The Tigers are 62-91 this year, heading for a rebuild, and Ausmus’ contract is up. It’s hard to imagine any manager surviving those circumstances. The Tigers won the division in his first season despite his mistakes, but have had two losing seasons in the three years since. After a decade of prominence the organization is going to shift direction and Ausmus isn’t going to be part of that.
Someone had to take the fall, and given that the general manager has been on the job for only two years, it was always going to be the manager who went first. So Brad Ausmus took the fall, even though this wasn’t his doing.

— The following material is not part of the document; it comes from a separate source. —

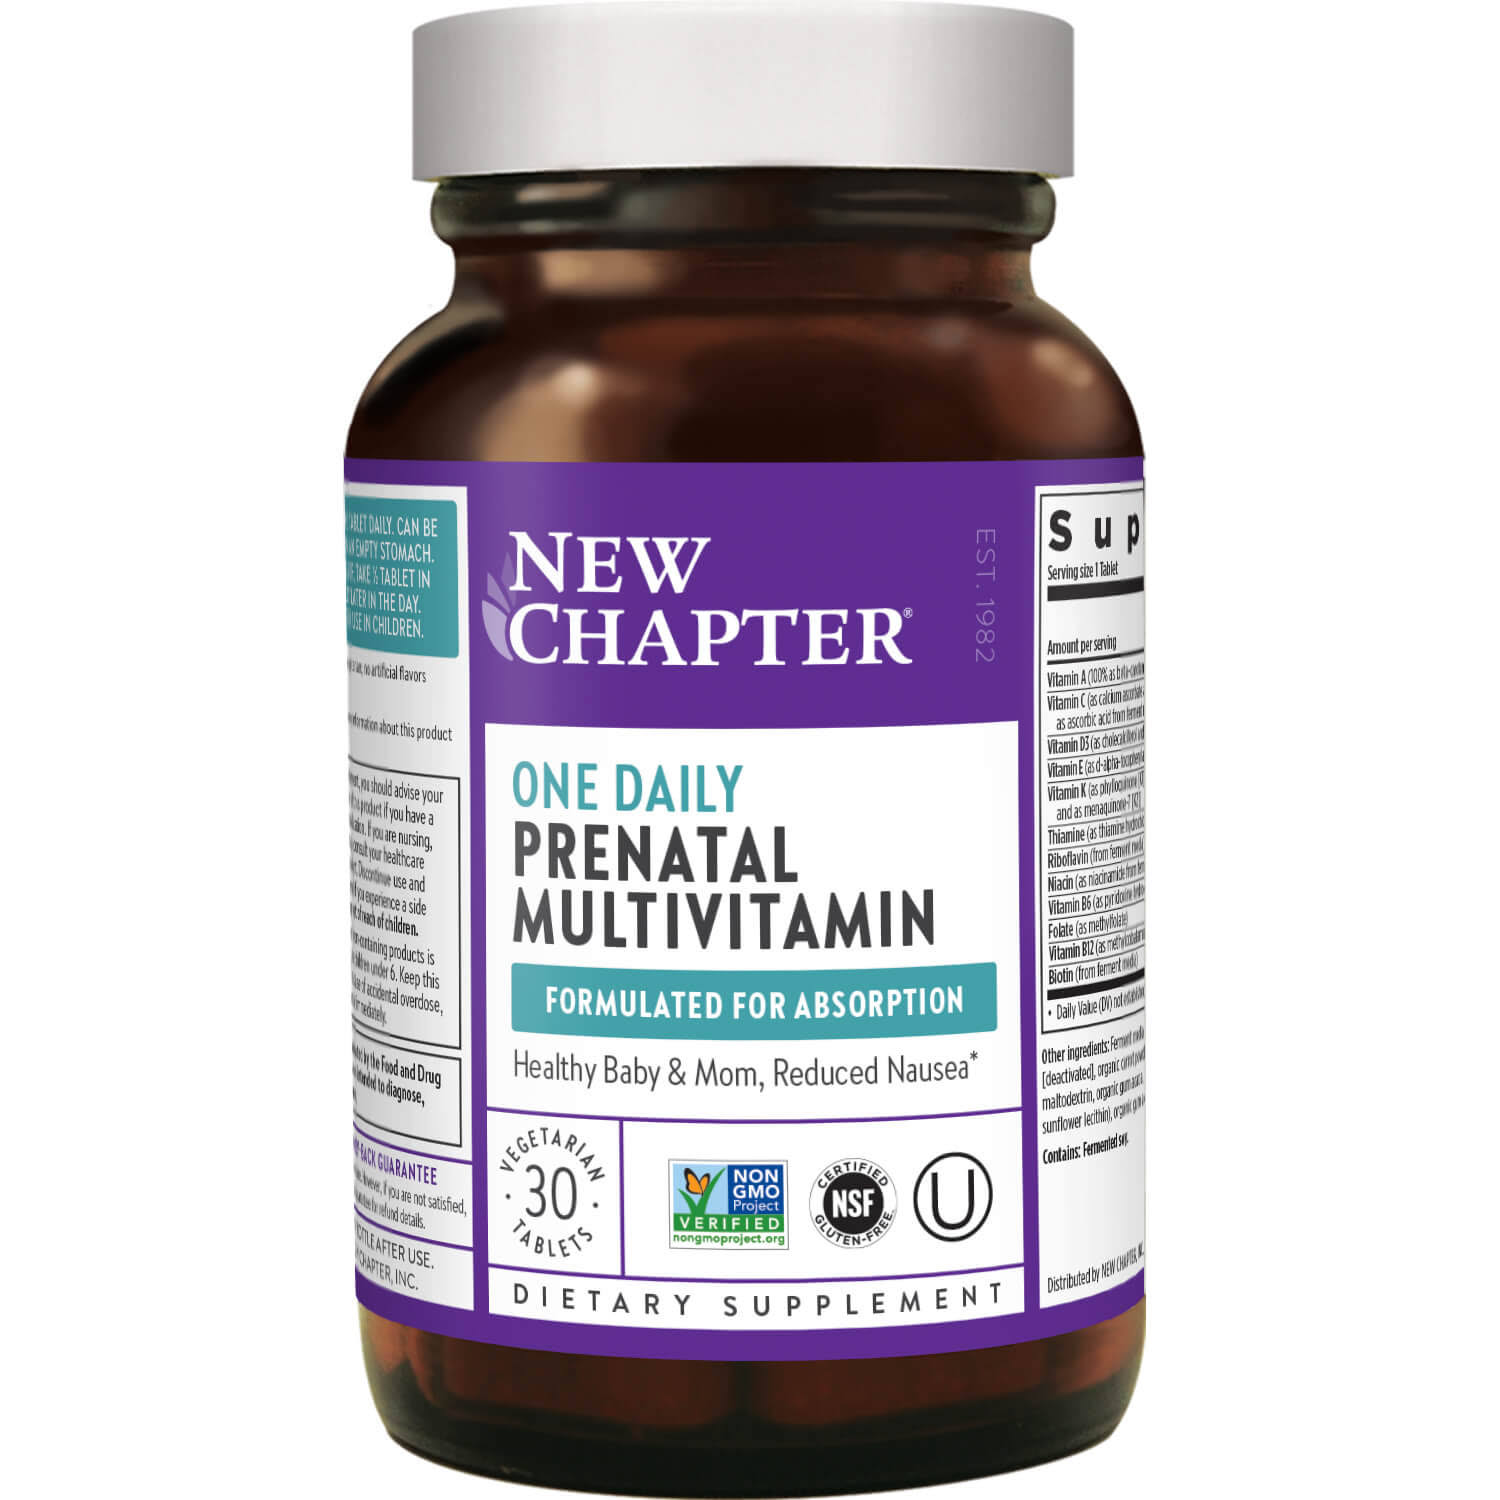 New Chapter One Daily Prenatal Multivitamin - 30 Tablets

Certainly, Ausmus has made mistakes this year and in each of his seasons, but the best manager in the league couldn’t have stopped this. Ausmus managed himself out games, but every manager goofs a few times per season and missing the playoffs in 2015, 2016, and 2017 was not Ausmus’ doing. You can’t manage your way out of scoring 4.6 runs per game and allowing 5.5.
Ausmus, however, made all sorts of mistakes during his tenure in Detroit. He left his starters in too long. He relied too much on bullpen roles and was a slave to the save statistic. He preached a reckless brand of base running. He didn’t use his bench and reserves well. He made weird lineup choices. And above all, he frequently seemed at a loss when something happened that he didn’t expect.
I won’t take the time to re-litigate all of his mistakes. I’ve chronicled them extensively and tweeted about them probably too much. Ausmus was a very bad manager from a tactical standpoint. He seemed to have the respect of his players and didn’t do anything that created a clubhouse mutiny. It’s impossible to know how well he performed behind closed doors, but the parts of his job we could observe didn’t cast him in a good light.
That’s okay. Not everyone is cut out for managing, and the ones who are don’t always get it right on their first try. Ausmus sounded like he would be open to modernity when he was hired, but those of us who had those hopes probably should have spent more time listening to his words rather than trying to read between the lines. Ausmus told us he wasn’t a sabermetrician. I thought that was a ploy, but it was the simple truth. He managed like an old school guy, which is exactly what he is.
At some point, bad managing turns into bad general managing. Ausmus showed himself to be a flawed manager and the Tigers, through two different regimes, chose not to replace him until now. When Avila took over, he had the perfect chance to replace Ausmus, but stuck with him for reasons I still don’t fully understand. My theory is that Avila didn’t want the organization to experience too much change at once, but we probably won’t ever know.
But over the last couple months, as things have gone south in South Detroit, the crowd has directed a lot of ire at Ausmus, which I don’t think he entirely deserves. Yes, Ausmus was a bad manager, but he wasn’t responsible for the thing that’s got everyone upset. Ausmus should have been fired after 2014 and 2015 and 2016, but firing him now is just an admission that everything is changing. It’s too late to save the 2017 season, and replacing him won’t undo what is already done. I’m pleased that the Tigers are going to (hopefully) go get a better manager, but I am a little disappointed that Ausmus is going down for something he didn’t really cause.
This is how the business works, I understand. When a team plays like crap for this long, the manager gets fired. And Ausmus deserved to be fired, just for something else. It’s ironic is what it is.
I had higher hopes for 2017, but this isn’t something that should have caught us off guard. The Tigers were a decent team that played poorly. And decent teams that play poorly rarely get a chance to redeem themselves. And managers for decent teams with big payrolls that play poorly get fired.
It would be better if you got fired for being a bad manager than for managing a bad team, but that’s not the way the world works. As I’ve said many times, the city’s motto lights the way. We hope for better things; It shall rise from the ashes. I mean, hopefully.